Washington, D.C.–(ENEWSPF)–May 4, 2011. Billions of dollars in agricultural subsidies would be better spent on deficit reduction while also investing in a clean energy future in our rural communities, argues a new paper out today from the Center for American Progress’s Jake Caldwell. The report, “Bad Seeds: A Plan to Phase out the $5 Billion in ‘Direct Payment’ Agricultural Subsidies,” details how the current automatic subsidy payment program is outdated and tends to favor wealthier, larger landowners at the expense of smaller farmers and taxpayers. “Poorly designed and ineffective agricultural subsidy programs weaken the competitiveness of our nation’s farmers and rural communities, drain taxpayer resources, and should be reformed,” says Caldwell. “Direct payment agricultural subsidies are harmful to the majority of U.S. farmers, artificially inflate land values, create barriers for young people pursuing farming as a career, offer minimal protection against the real risks facing the agriculture sector, and are overdue for revision in next year’s farm bill.”
Direct payments are made every year whether the landowner farms or not. Payments have continued year in and year out, making the deficit worse as the farm economy remains relatively healthy, commodity prices are high, and net farm income grew by 27 percent in 2010. Caldwell recommends Congress allocate the funds more wisely to save taxpayers more than $35 billion by 2020, reduce the deficit, and reinvest in our nation’s farmers and rural communities.
The study shows that two-thirds of direct payments go to the largest 12 percent of farms.
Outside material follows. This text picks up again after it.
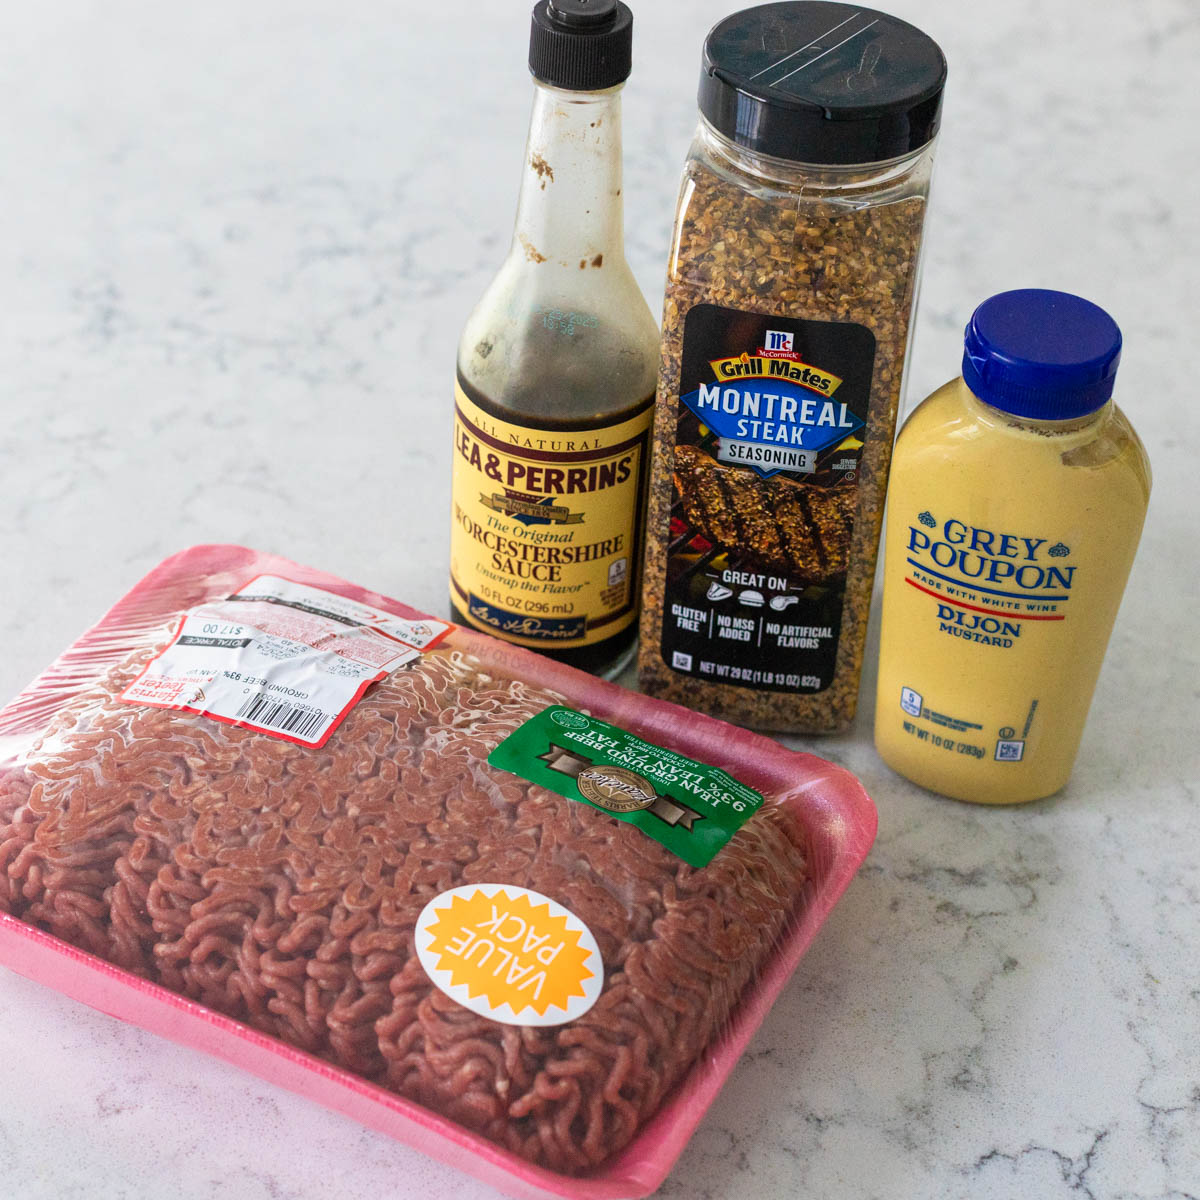 The ingredients to make a classic hamburger are on the counter.

Recipients were “more than twice as likely to have higher incomes as other tax filers,” according to the General Accountability Office.
Nearly two dozen current members of Congress took home a combined $6 million in these and other agricultural subsidies in recent years, according to an independent analysis. The funding could be better used, argues Caldwell, by phasing out these subsidies and using the savings to reduce the deficit. Among the major recommendations in the paper are lowering the eligibility caps, so that people earning less than $250,000 in farm income benefit from the subsidies, and then redirecting more than $4.2 billion in savings to deficit reduction.
By putting the remaining $650 million in savings toward farm-based clean energy projects, rural home weatherization, advanced biofuel crop cultivation, and agricultural exports, the United States can better serve American farming families. Investing in on-the-farm renewable energy will generate new income streams, cut energy costs, and lessen our nation’s dependence on fossil fuels, while opening markets for U.S. agricultural goods and strengthening the competitiveness of U.S. farmers in a global economy.